Normal characters
| Expression | Description |
|---|---|
| . or [^\n\r] | any character excluding a newline or carriage return |
| [A-Za-z] | alphabet |
| [a-z] | lowercase alphabet |
| [A-Z] | uppercase alphabet |
| \d or [0-9] | digit |
| \D or [^0-9] | non-digit |
| _ | underscore |
| \w or [A-Za-z0-9_] | alphabet, digit or underscore |
| \W or [^A-Za-z0-9_] | inverse of \w |
| \S | inverse of \s |
Whitespace characters
| Expression | Description |
|---|---|
| (space) | space |
| \t | tab |
| \n | newline |
| \r | carriage return |
| \s | space, tab, newline or carriage return |
Character set
| Expression | Description |
|---|---|
| [xyz] | either x, y or z |
| [^xyz] | neither x, y nor z |
| [1-3] | either 1, 2 or 3 |
| [^1-3] | neither 1, 2 nor 3 |
- Think of a character set as an OR operation on the single characters that are enclosed between the square brackets.
- Use ^ after the opening [ to "negate" the character set.
- Within a character set, . means a literal period.

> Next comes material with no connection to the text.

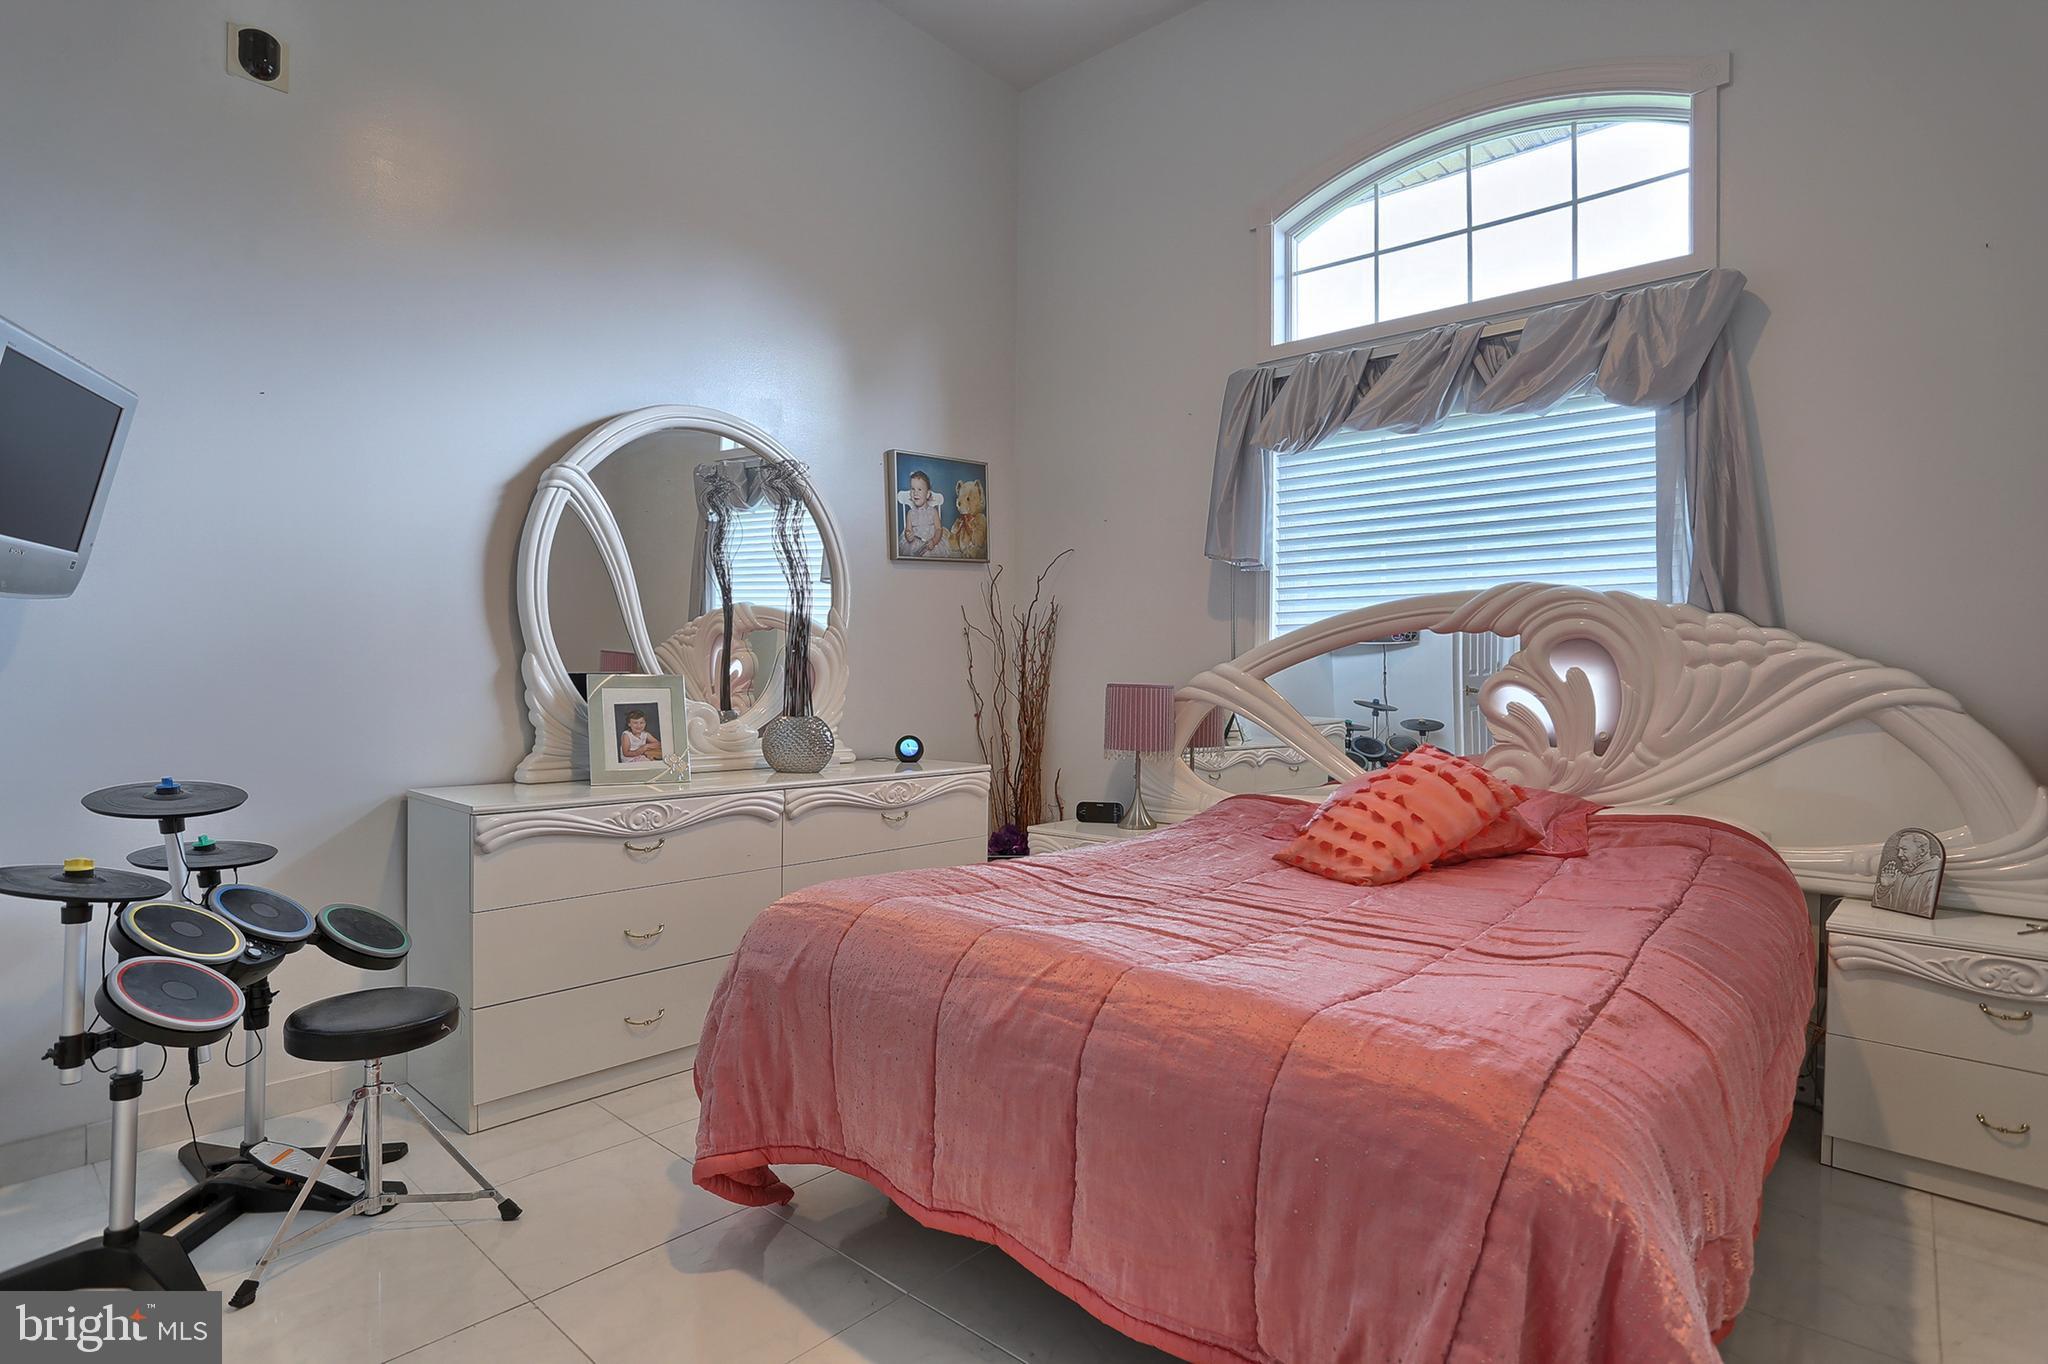 14' x 12' bedroom # 5 with porcelain tile floor
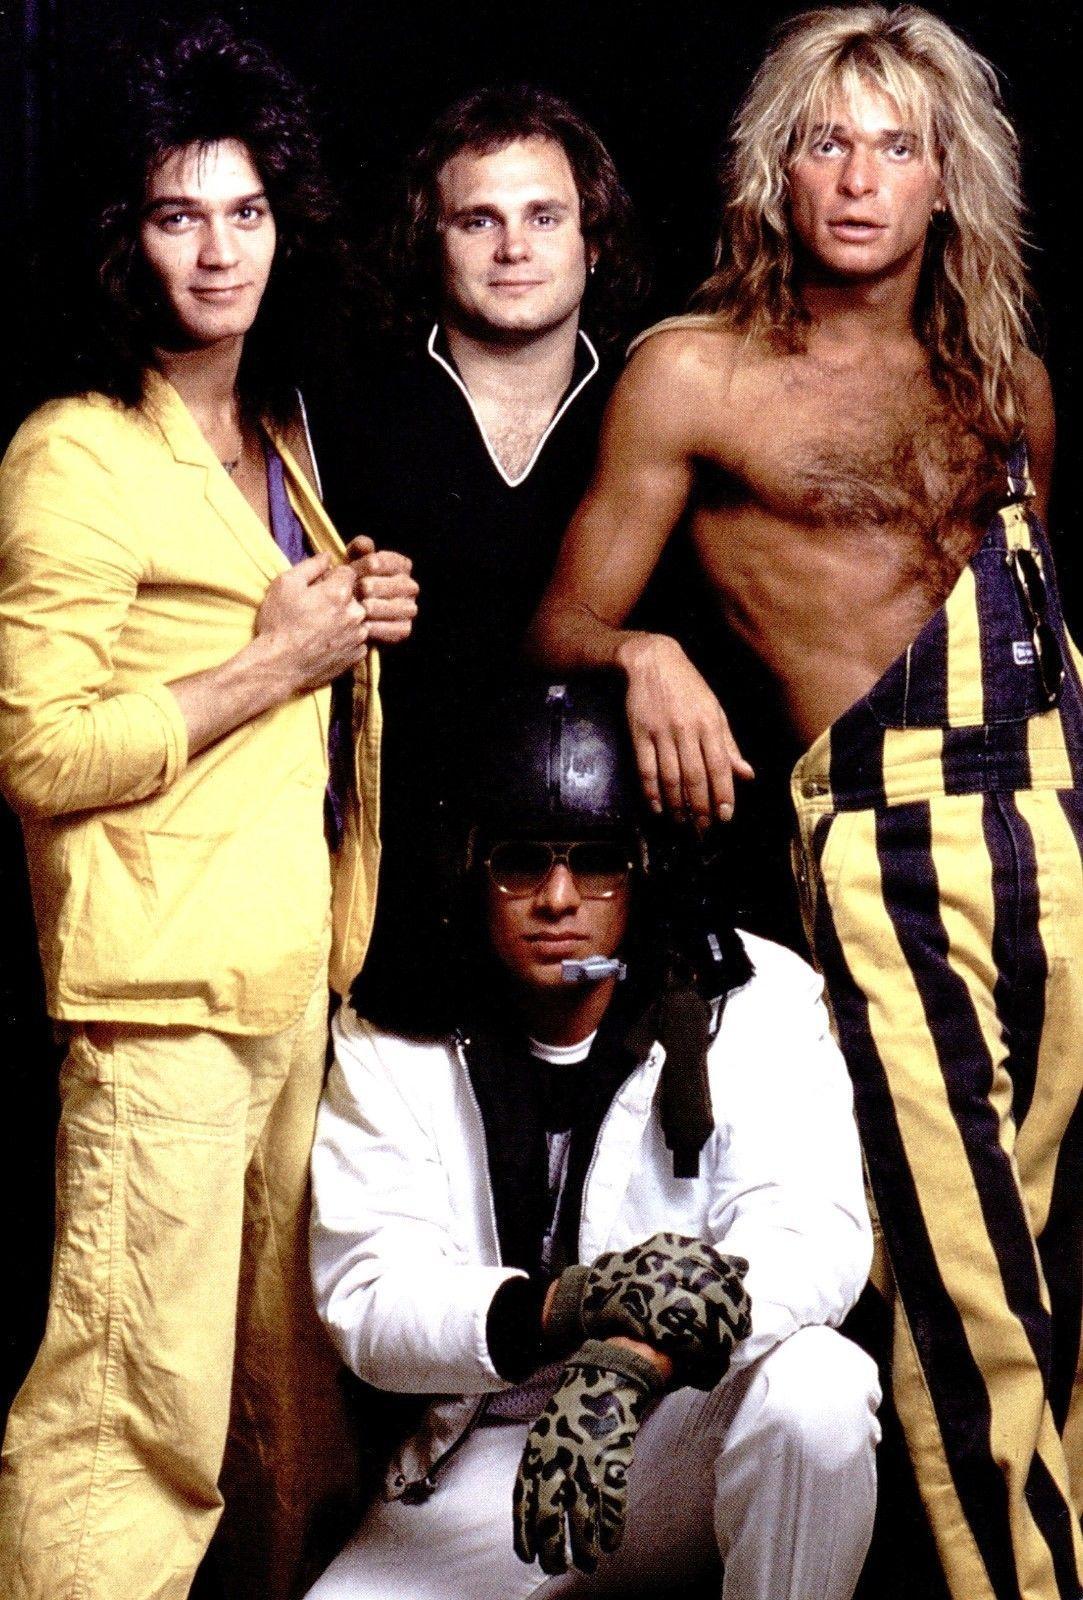 Watch The Van Halen Story On Hulu Http Bit Ly 1rcnc1h Vanhalen Rocknroll Eddievanhalen Davidleeroth Music Van Halen Eddie Van Halen David Lee Roth

Characters that require escaping
Outside a character set
| Expression | Description |
|---|---|
| . | period |
| ^ | caret |
| $ | dollar sign |
| | | pipe |
| \ | back slash |
| / | forward slash |
| ( | opening bracket |
| ) | closing bracket |
| [ | opening square bracket |
| ] | closing square bracket |
| { | opening curly bracket |
| } | closing curly bracket |
Inside a character set
| Expression | Description |
|---|---|
| \ | back slash |
| ] | closing square bracket |
- A ^ must be escaped only if it occurs immediately after the opening [ of the character set.
- A - must be escaped only if it occurs between two alphabets or two digits.
Quantifiers
| Expression | Description |
|---|---|
| {2} | exactly 2 |
| {2,} | at least 2 |
| {2,7} | at least 2 but no more than 7 |
| * | 0 or more |
| + | 1 or more |
| ? | exactly 0 or 1 |
- The quantifier goes after the expression to be quantified.
Boundaries
| Expression | Description |
|---|---|
| ^ | start of string |
| $ | end of string |
| \b | word boundary |
- How word boundary matching works:
- At the beginning of the string if the first character is \w.
- Between two adjacent characters within the string, if the first character is \w and the second character is \W.
- At the end of the string if the last character is \w.
Matching
| Expression | Description |
|---|---|
| foo|bar | match either foo or bar |
| foo(?=bar) | match foo if it's before bar |
| foo(?!bar) | match foo if it's not before bar |
| (?<=bar)foo | match foo if it's after bar |
| (?<!bar)foo | match foo if it's not after bar |
Grouping and capturing
| Expression | Description |
|---|---|
| (foo) | capturing group; match and capture foo |
| (?:foo) | non-capturing group; match foo but without capturing foo |
| (foo)bar\1 | \1 is a backreference to the 1st capturing group; match foobarfoo |
- Capturing groups are only relevant in the following methods:
- string.match(regexp)
- string.matchAll(regexp)
- string.replace(regexp, callback)
- \N is a backreference to the Nth capturing group. Capturing groups are numbered starting from 1.